No longer will the OCC be entitled to the generous "Chevron" standard, in which courts largely bow to what federal regulatory agencies decide.
Instead the judge will "assess the validity of such determinations, depending upon the thoroughness evident in the consideration of the agency, the validity of the reasoning of the agency, the consistency with other valid determinations made by the agency, and other factors which the court finds persuasive," according to the law.
The OCC, Dodd-Frank says, also will need "substantial evidence" that "supports the specific finding regarding the preemption."
So what states and what laws are most likely to test preemption?
Most experts expect moves by California, North Carolina, Georgia, New York, New Jersey, Massachusetts, Illinois, Michigan or Maryland.
And the areas most likely to attract challenges are mortgage servicing practices and loan modification efforts, fees and disclosures.
How active the states get will depend in part on how effective the new Consumer Financial Protection Bureau is. The agency, created in Dodd-Frank, has the power to enforce a slew of consumer finance laws. But until it is up and running and effective there remains a void for the states to fill.
Ted Lieu is a member of the California Assembly and chairs its Select Committee on Consumer Financial Protection. He is pleased by the changes Dodd-Frank made on preemption and fully expects Obama's comptroller "will be far less aggressive in using preemption to stop better state laws."
But he says the states, still grappling with the fallout from the mortgage crisis, "will continue to feel compelled to respond to better protect citizens."
Noting Nevada's move last year to require mandatory mediation before a foreclosure, Lieu said, "I authored a similar bill this year in California, but the banking industry defeated it." He vowed to try again.

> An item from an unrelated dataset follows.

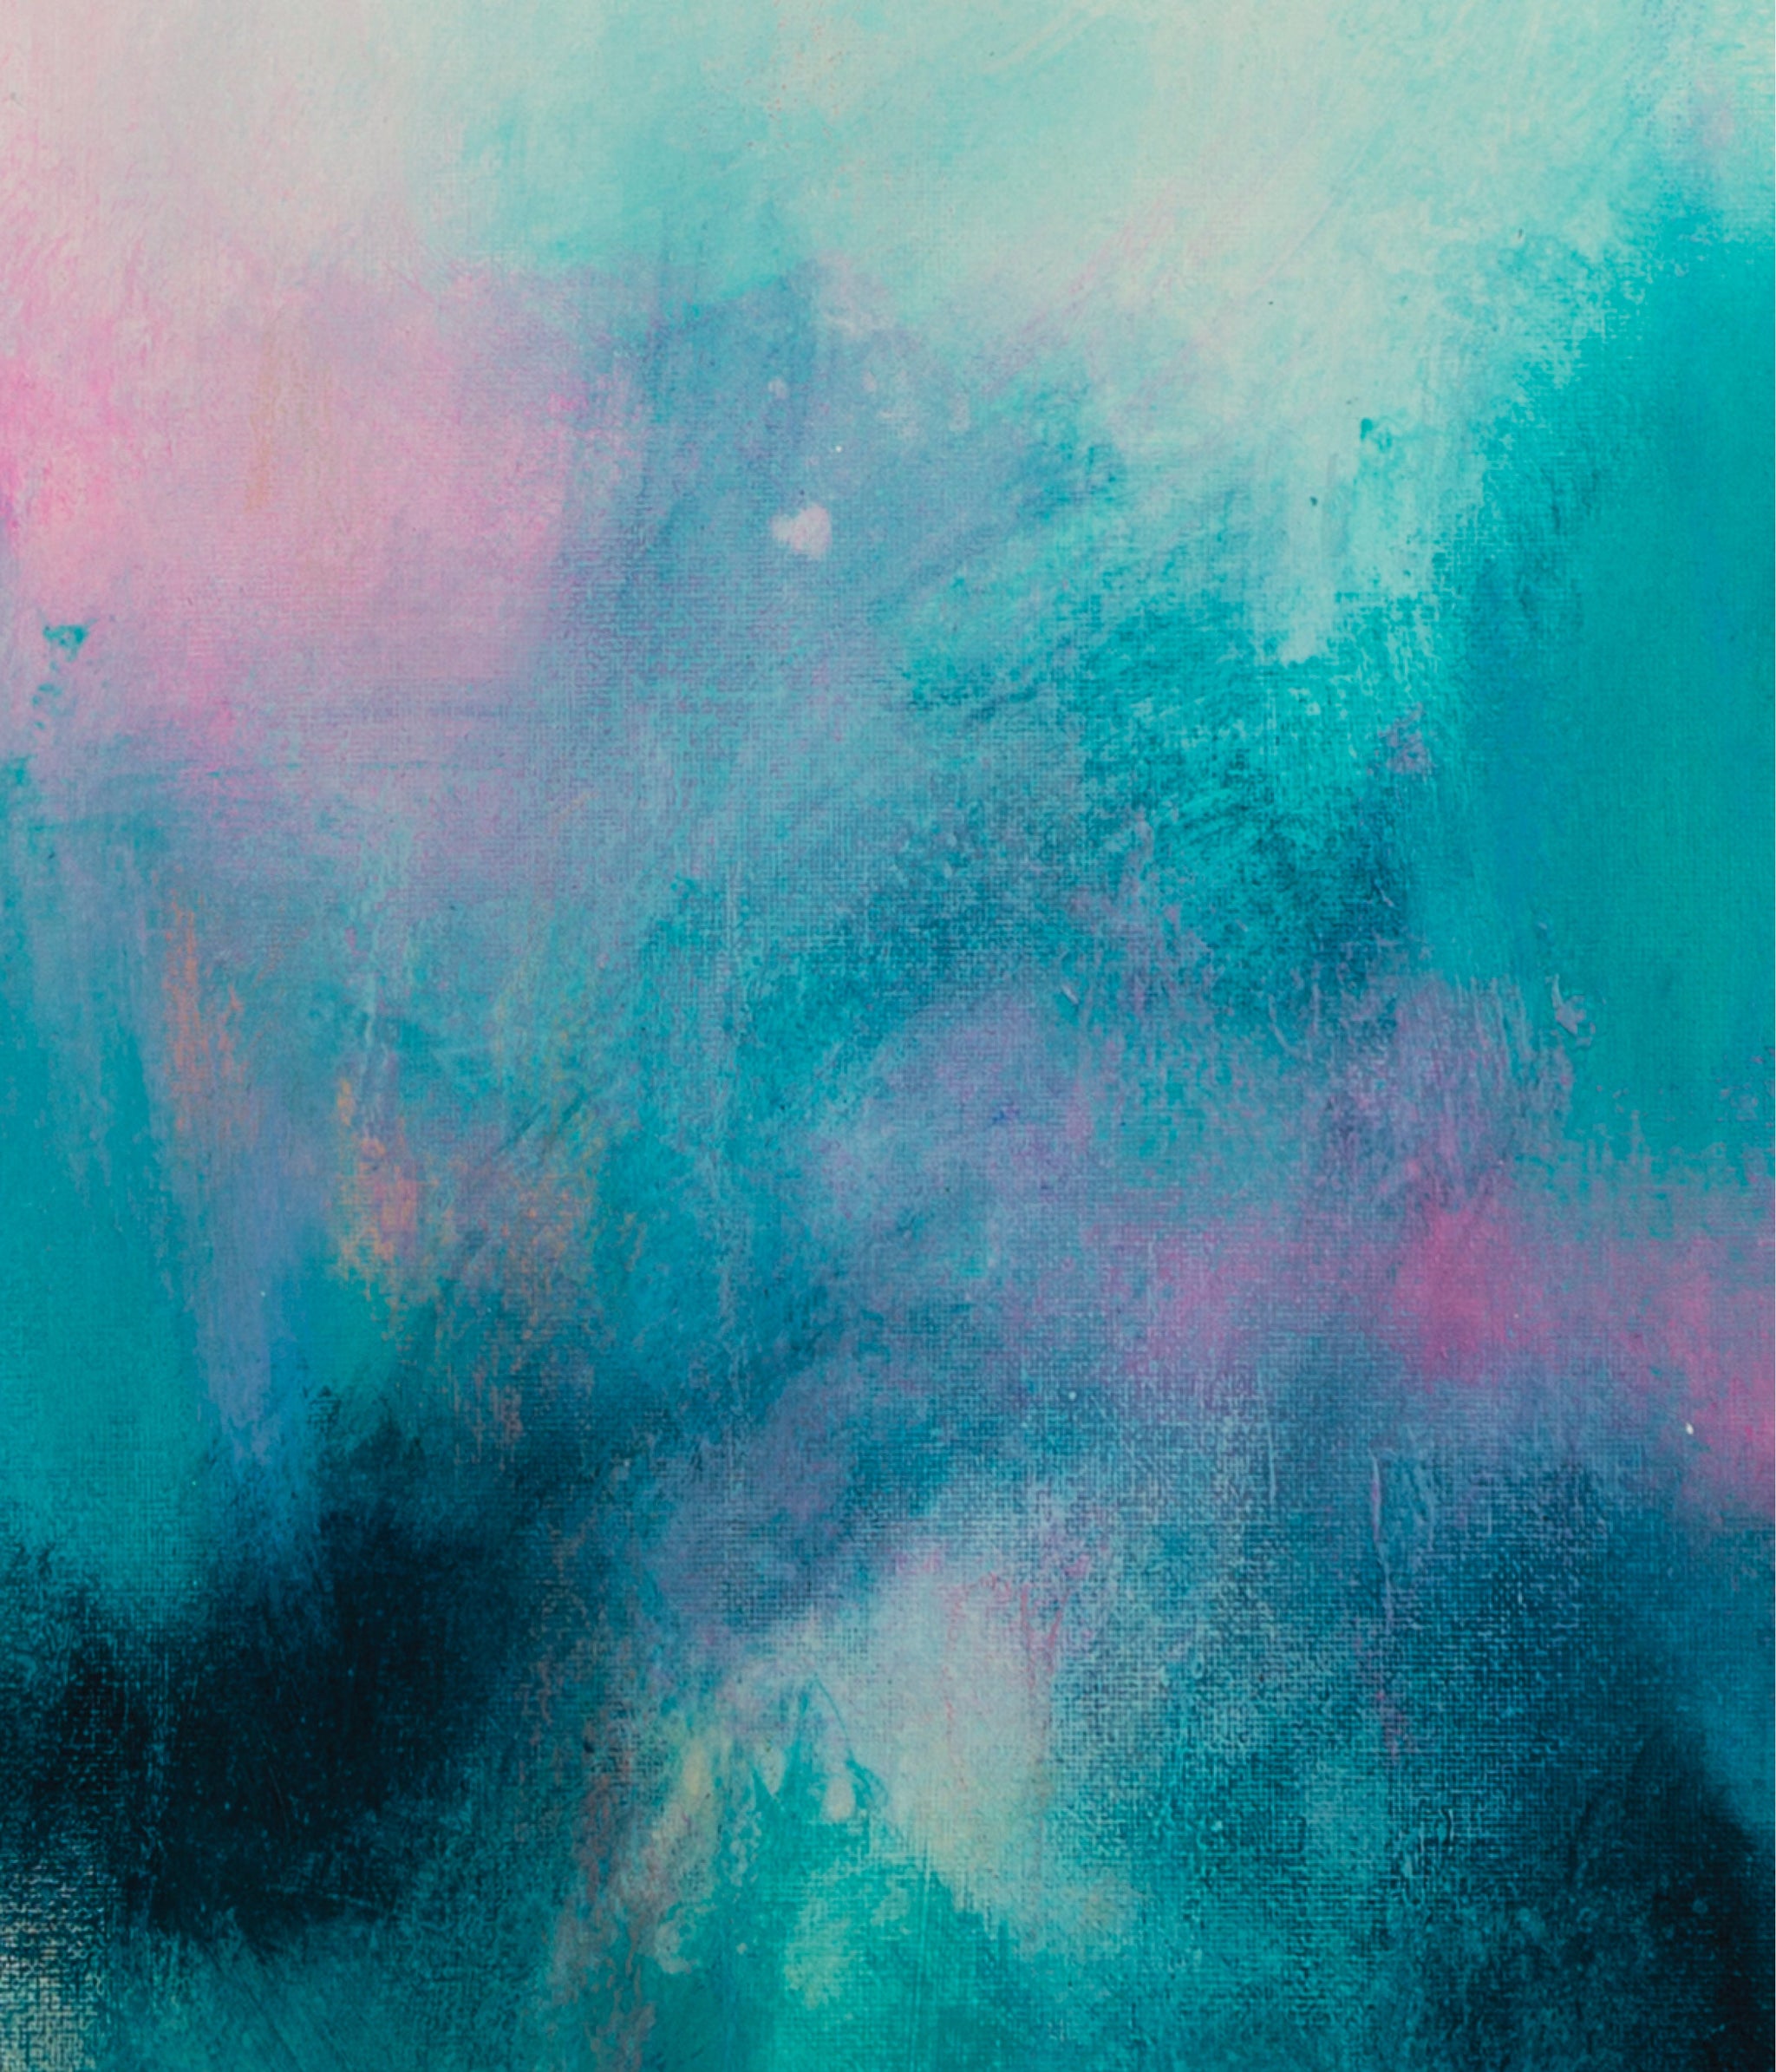 Set of 3 teal aqua blue abstract seascape art, Blush pink wall art set, Teal Abstract landscape - camilomattis.com

The tide actually began to turn against preemption before financial reform was passed.
Last summer the Supreme Court handed the Comptroller's Office a rare loss when it decided New York Attorney General Andrew Cuomo could enforce a state fair-lending law against national banks.
Dodd-Frank takes that decision a step further and gives state AGs the power to enforce the federal consumer laws transferred to the CFPB and any rules issued by the bureau as well.
"That's a huge change," said John Ryan, an executive vice president at the Conference of State Bank Supervisors. "It's a very broad grant of authority."
National banks are facing a new reality: the idea that people need protection from powerful companies has trumped the long-held view that the nation benefits from an efficient banking system operating under a single set of standards.